# Cigarette lighter problem...



## Lightindarkness420 (Dec 6, 2006)

Ok, so I was using my radar detector and when I pulled it out, the adaptor on that came apart…no big deal…this has happened with it before…I just snap the pieces back together….but this time, the metal round piece stayed jammed in there, so it took me a little bit of fighting it to get it out. Now that I did, the cigarette lighter does not work…not for the Radar Detector, not for my GPS unit, not for my multi adaptor, adaptor.

I checked the fuse and it works fine. Any suggestions of what and where the problem could be?


----------



## GTO JUDGE (May 14, 2005)

Lightindarkness420 said:


> Ok, so I was using my radar detector and when I pulled it out, the adaptor on that came apart…no big deal…this has happened with it before…I just snap the pieces back together….but this time, the metal round piece stayed jammed in there, so it took me a little bit of fighting it to get it out. Now that I did, the cigarette lighter does not work…not for the Radar Detector, not for my GPS unit, not for my multi adaptor, adaptor.
> 
> I checked the fuse and it works fine. Any suggestions of what and where the problem could be?

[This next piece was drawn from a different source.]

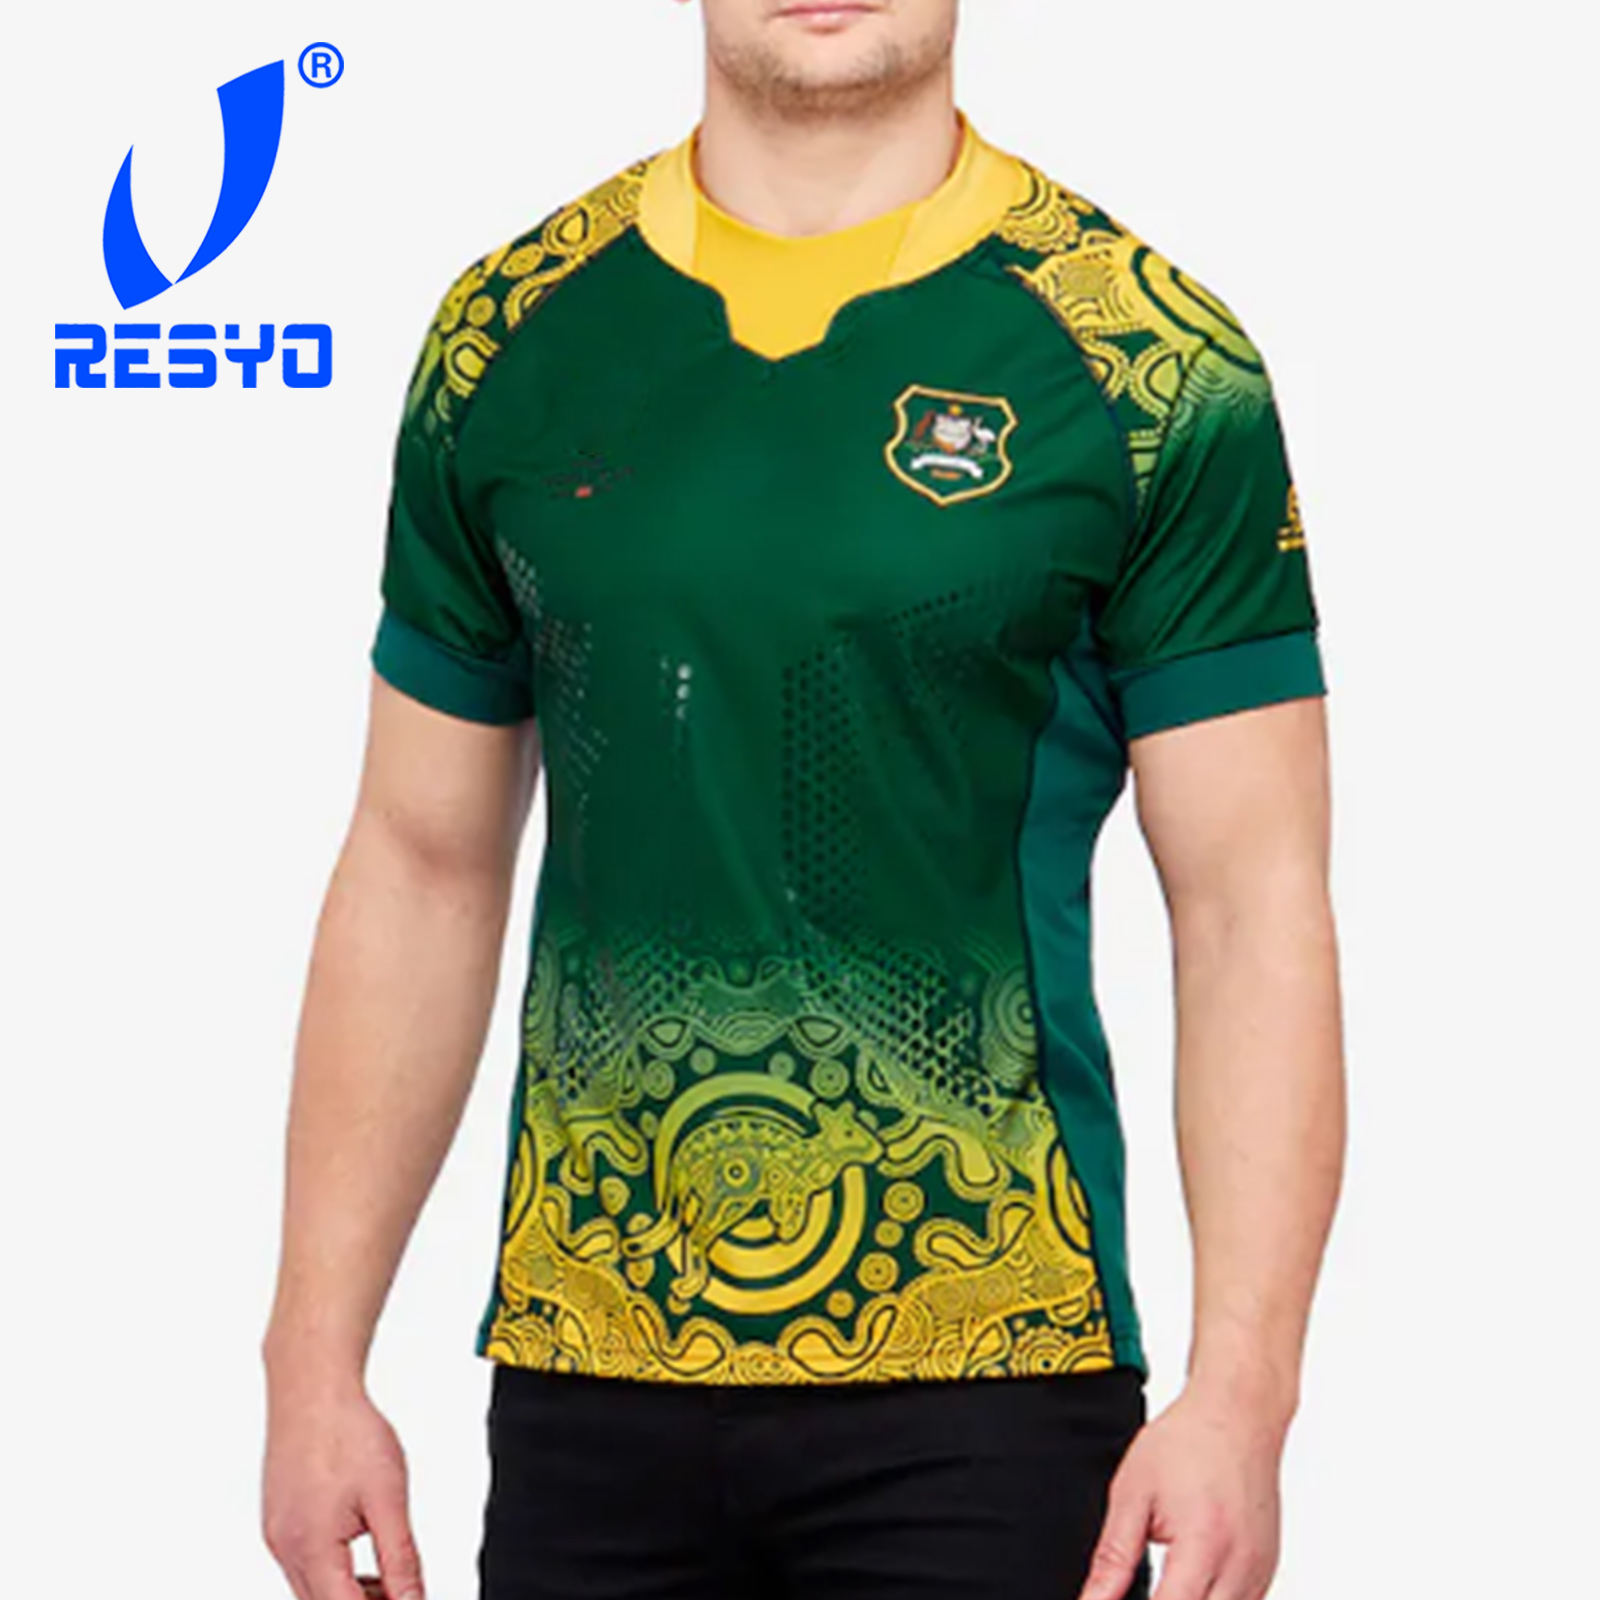 RESYO For Australia RWC19 Alternate Replica Shirt-Wallabies Green  Rugby Sport Jersey Size:S-5XL Free Shipping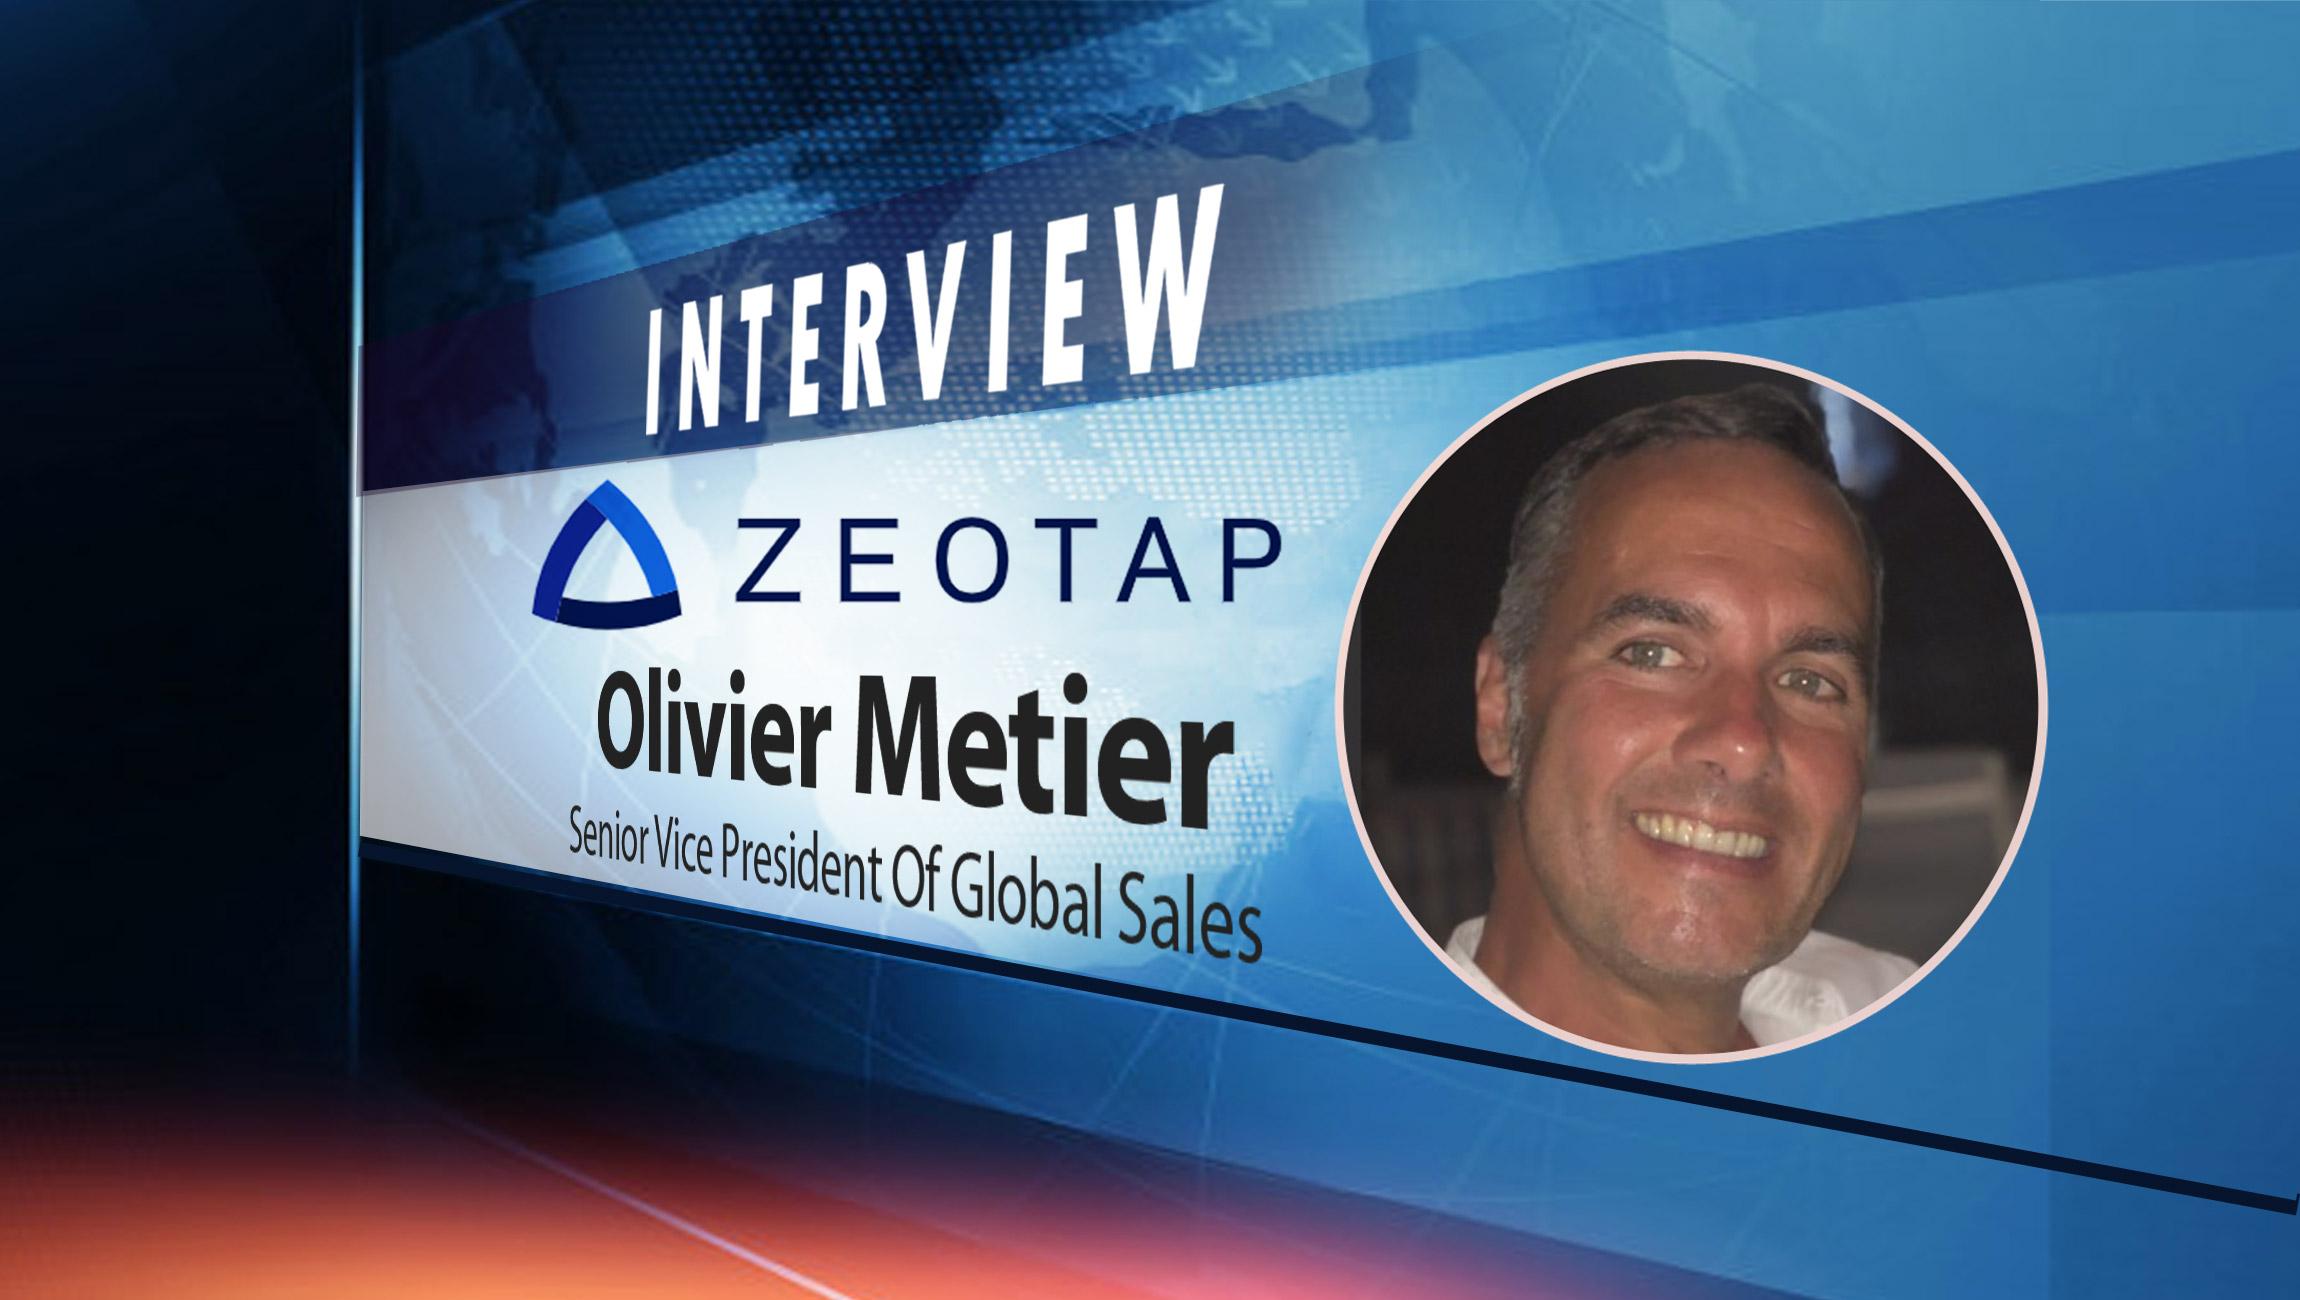 SalesTechStar Interview with Olivier Metier, Senior Vice President Of Global Sales at Zeotap

* Sounds like a connection problem. Are you sure the metal connector tabs inside the female end of the lighter is not bent? If the "prongs" or "tabs" are bent it may not be making a secure connection. It could be you bent them in an effort to get the jammed pieces out. If there are no tabs or prongs inside there, perhaps you pushed the insides of the lighter back just enough so no contact is being made.*


----------